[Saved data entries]
▬▬▬
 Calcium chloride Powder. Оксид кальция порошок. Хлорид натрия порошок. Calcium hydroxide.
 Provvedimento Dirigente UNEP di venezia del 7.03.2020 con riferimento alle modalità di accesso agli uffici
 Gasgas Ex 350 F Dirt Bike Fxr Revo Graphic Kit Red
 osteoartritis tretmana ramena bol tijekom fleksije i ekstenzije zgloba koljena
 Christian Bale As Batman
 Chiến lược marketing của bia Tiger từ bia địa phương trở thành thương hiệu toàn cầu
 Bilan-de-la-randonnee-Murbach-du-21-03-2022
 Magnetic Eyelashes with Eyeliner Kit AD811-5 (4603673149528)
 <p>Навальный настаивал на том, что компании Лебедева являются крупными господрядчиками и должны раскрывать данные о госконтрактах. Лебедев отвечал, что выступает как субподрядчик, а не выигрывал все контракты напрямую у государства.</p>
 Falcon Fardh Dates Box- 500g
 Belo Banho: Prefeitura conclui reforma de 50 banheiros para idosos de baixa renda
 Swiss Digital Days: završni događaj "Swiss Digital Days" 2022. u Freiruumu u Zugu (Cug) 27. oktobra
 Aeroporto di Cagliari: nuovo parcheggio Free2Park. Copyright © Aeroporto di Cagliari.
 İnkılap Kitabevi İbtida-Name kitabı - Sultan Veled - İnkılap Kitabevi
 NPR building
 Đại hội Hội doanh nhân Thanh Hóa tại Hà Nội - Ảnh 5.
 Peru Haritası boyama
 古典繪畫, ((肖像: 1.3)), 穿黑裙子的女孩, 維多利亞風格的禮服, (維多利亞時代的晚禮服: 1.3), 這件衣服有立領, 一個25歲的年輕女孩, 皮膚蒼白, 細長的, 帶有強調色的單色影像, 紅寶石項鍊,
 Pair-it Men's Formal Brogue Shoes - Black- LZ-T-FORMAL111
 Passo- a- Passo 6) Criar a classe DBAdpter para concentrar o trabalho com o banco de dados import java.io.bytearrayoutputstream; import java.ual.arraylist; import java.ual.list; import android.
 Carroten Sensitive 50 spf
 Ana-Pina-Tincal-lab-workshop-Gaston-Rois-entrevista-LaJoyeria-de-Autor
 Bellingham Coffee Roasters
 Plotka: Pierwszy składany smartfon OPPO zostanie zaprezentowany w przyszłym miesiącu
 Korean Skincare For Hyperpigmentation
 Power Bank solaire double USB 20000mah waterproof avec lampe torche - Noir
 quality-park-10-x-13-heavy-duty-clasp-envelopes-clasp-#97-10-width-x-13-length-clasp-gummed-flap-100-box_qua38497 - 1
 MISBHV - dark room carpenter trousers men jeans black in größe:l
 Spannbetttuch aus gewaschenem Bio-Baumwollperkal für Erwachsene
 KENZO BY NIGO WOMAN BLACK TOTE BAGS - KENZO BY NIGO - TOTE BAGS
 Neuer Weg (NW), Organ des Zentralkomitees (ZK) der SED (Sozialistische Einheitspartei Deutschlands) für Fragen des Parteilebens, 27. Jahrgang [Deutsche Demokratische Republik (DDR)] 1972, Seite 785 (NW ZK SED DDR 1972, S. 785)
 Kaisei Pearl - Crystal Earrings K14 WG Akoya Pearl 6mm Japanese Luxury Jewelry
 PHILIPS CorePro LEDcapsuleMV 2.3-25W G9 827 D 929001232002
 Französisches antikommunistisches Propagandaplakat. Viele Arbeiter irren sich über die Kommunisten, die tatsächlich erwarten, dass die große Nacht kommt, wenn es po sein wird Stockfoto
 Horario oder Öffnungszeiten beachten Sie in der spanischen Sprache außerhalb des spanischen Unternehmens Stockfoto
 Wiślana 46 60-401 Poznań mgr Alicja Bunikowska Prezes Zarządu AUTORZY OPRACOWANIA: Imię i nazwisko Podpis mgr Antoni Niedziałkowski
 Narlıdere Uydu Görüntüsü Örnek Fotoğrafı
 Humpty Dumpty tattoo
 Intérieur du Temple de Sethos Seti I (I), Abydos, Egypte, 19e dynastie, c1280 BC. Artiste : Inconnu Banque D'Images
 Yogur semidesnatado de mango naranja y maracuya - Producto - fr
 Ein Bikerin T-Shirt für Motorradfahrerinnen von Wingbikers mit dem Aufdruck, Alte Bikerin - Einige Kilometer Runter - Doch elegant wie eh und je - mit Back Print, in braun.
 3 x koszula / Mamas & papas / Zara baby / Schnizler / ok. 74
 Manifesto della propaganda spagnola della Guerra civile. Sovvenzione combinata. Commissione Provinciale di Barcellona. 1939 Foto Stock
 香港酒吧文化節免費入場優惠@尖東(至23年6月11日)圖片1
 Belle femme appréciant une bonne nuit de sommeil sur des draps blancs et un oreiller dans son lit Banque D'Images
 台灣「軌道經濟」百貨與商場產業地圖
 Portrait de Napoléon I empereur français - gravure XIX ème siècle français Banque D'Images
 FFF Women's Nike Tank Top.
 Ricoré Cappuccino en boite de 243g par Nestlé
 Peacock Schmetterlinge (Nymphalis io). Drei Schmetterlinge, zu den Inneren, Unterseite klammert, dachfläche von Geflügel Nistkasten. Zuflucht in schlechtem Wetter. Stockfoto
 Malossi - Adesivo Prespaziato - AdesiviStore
▬▬▬
• [REQUIRED ACTION]
Start with the line above that contains "Magnetic Eyelashes with" and end with the line that contains "PHILIPS CorePro LEDcapsuleMV". Write out those lines exactly, and only those.

• [ANSWER TO THIS PROBLEM]
 Magnetic Eyelashes with Eyeliner Kit AD811-5 (4603673149528)
 <p>Навальный настаивал на том, что компании Лебедева являются крупными господрядчиками и должны раскрывать данные о госконтрактах. Лебедев отвечал, что выступает как субподрядчик, а не выигрывал все контракты напрямую у государства.</p>
 Falcon Fardh Dates Box- 500g
 Belo Banho: Prefeitura conclui reforma de 50 banheiros para idosos de baixa renda
 Swiss Digital Days: završni događaj "Swiss Digital Days" 2022. u Freiruumu u Zugu (Cug) 27. oktobra
 Aeroporto di Cagliari: nuovo parcheggio Free2Park. Copyright © Aeroporto di Cagliari.
 İnkılap Kitabevi İbtida-Name kitabı - Sultan Veled - İnkılap Kitabevi
 NPR building
 Đại hội Hội doanh nhân Thanh Hóa tại Hà Nội - Ảnh 5.
 Peru Haritası boyama
 古典繪畫, ((肖像: 1.3)), 穿黑裙子的女孩, 維多利亞風格的禮服, (維多利亞時代的晚禮服: 1.3), 這件衣服有立領, 一個25歲的年輕女孩, 皮膚蒼白, 細長的, 帶有強調色的單色影像, 紅寶石項鍊,
 Pair-it Men's Formal Brogue Shoes - Black- LZ-T-FORMAL111
 Passo- a- Passo 6) Criar a classe DBAdpter para concentrar o trabalho com o banco de dados import java.io.bytearrayoutputstream; import java.ual.arraylist; import java.ual.list; import android.
 Carroten Sensitive 50 spf
 Ana-Pina-Tincal-lab-workshop-Gaston-Rois-entrevista-LaJoyeria-de-Autor
 Bellingham Coffee Roasters
 Plotka: Pierwszy składany smartfon OPPO zostanie zaprezentowany w przyszłym miesiącu
 Korean Skincare For Hyperpigmentation
 Power Bank solaire double USB 20000mah waterproof avec lampe torche - Noir
 quality-park-10-x-13-heavy-duty-clasp-envelopes-clasp-#97-10-width-x-13-length-clasp-gummed-flap-100-box_qua38497 - 1
 MISBHV - dark room carpenter trousers men jeans black in größe:l
 Spannbetttuch aus gewaschenem Bio-Baumwollperkal für Erwachsene
 KENZO BY NIGO WOMAN BLACK TOTE BAGS - KENZO BY NIGO - TOTE BAGS
 Neuer Weg (NW), Organ des Zentralkomitees (ZK) der SED (Sozialistische Einheitspartei Deutschlands) für Fragen des Parteilebens, 27. Jahrgang [Deutsche Demokratische Republik (DDR)] 1972, Seite 785 (NW ZK SED DDR 1972, S. 785)
 Kaisei Pearl - Crystal Earrings K14 WG Akoya Pearl 6mm Japanese Luxury Jewelry
 PHILIPS CorePro LEDcapsuleMV 2.3-25W G9 827 D 929001232002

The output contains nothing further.